Variational inference is a popular alternative to Markov chain Monte Carlo
methods that constructs a Bayesian posterior approximation by minimizing a
discrepancy to the true posterior within a pre-specified family. This converts
Bayesian inference into an optimization problem, enabling the use of simple and
scalable stochastic optimization algorithms. However, a key limitation of
variational inference is that the optimal approximation is typically not
tractable to compute; even in simple settings the problem is nonconvex. Thus,
recently developed statistical guarantees -- which all involve the (data)

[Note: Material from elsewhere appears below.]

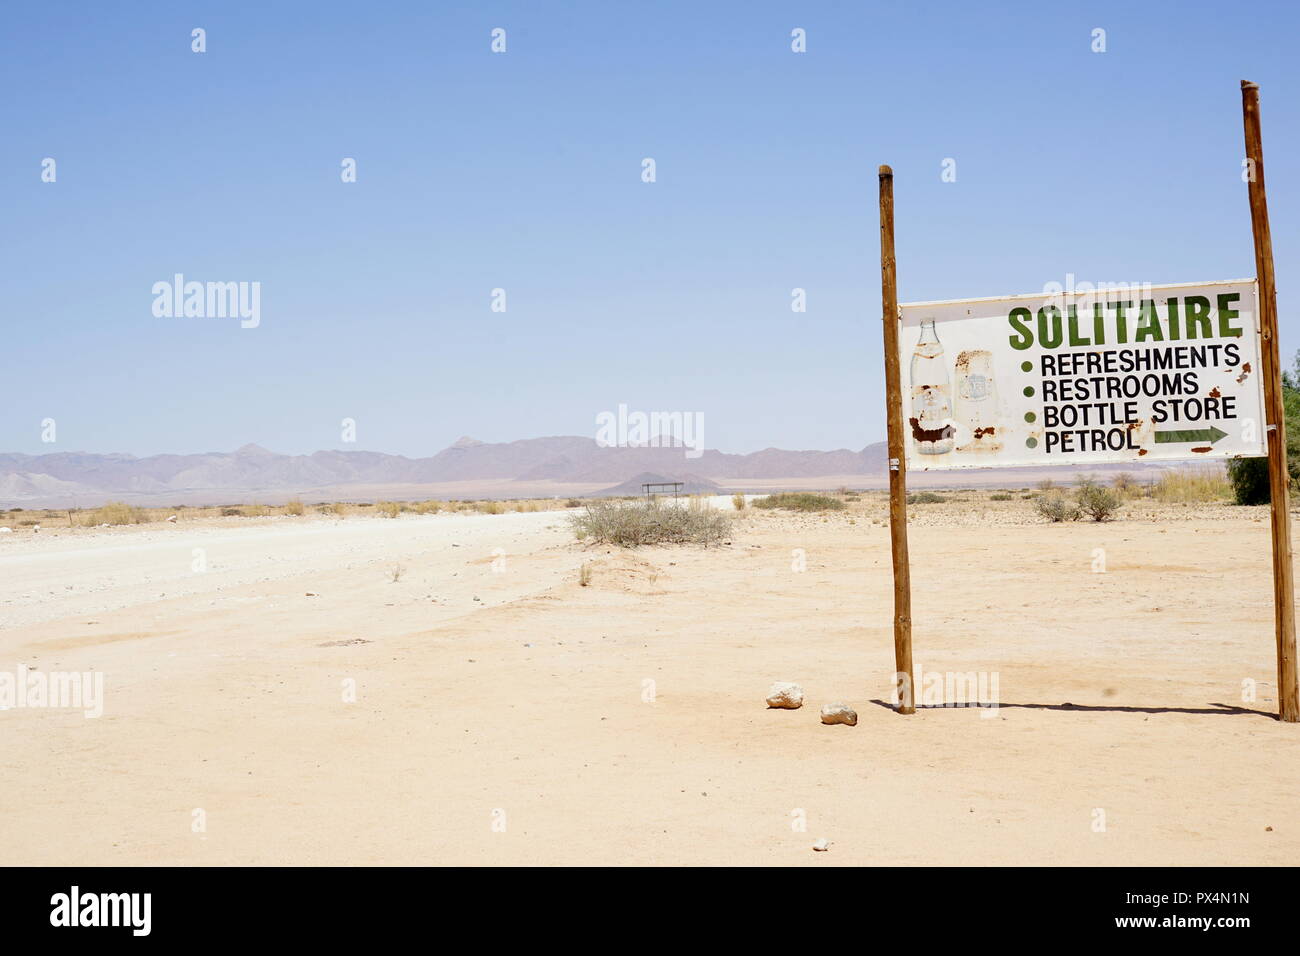 Solitaire, Hinweisschild, Raststätte an der C14 et C24, la Namibie, Afrika Banque D'Images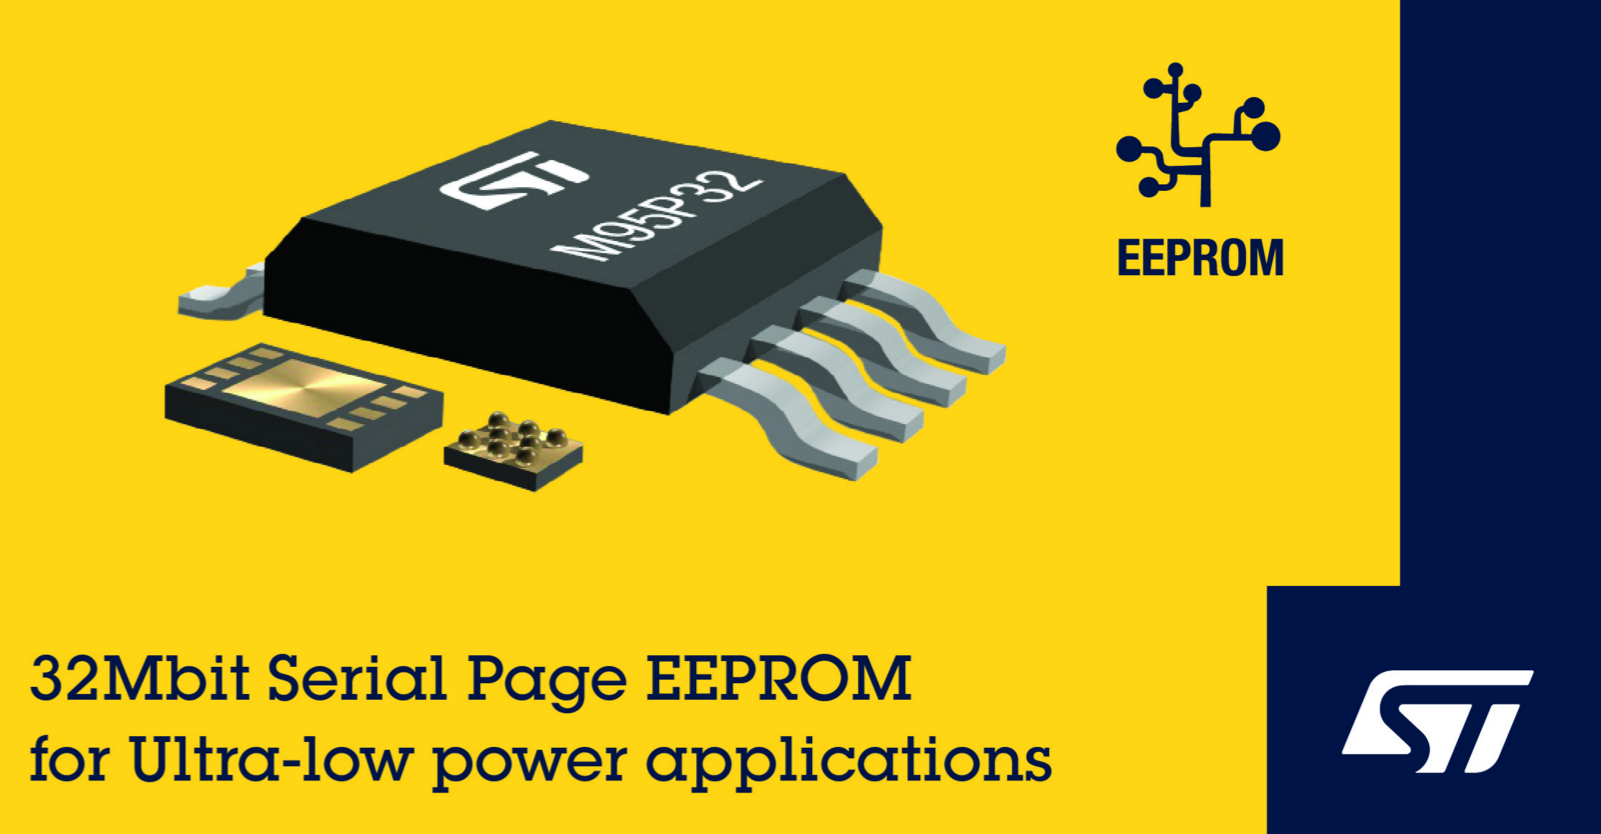 意法半导体非易失性存储器取得突破，率先在业界推出串行页EEPROM

asymptotic properties of the optimal variational distribution -- are not
reliably obtained in practice. In this work, we provide two major
contributions: a theoretical analysis of the asymptotic convexity properties of
variational inference in the popular setting with a Gaussian family; and
consistent stochastic variational inference (CSVI), an algorithm that exploits
these properties to find the optimal approximation in the asymptotic regime.
CSVI consists of a tractable initialization procedure that finds the local
basin of the optimal solution, and a scaled gradient descent algorithm that
stays locally confined to that basin. Experiments on nonconvex synthetic and
real-data examples show that compared with standard stochastic gradient
descent, CSVI improves the likelihood of obtaining the globally optimal
posterior approximation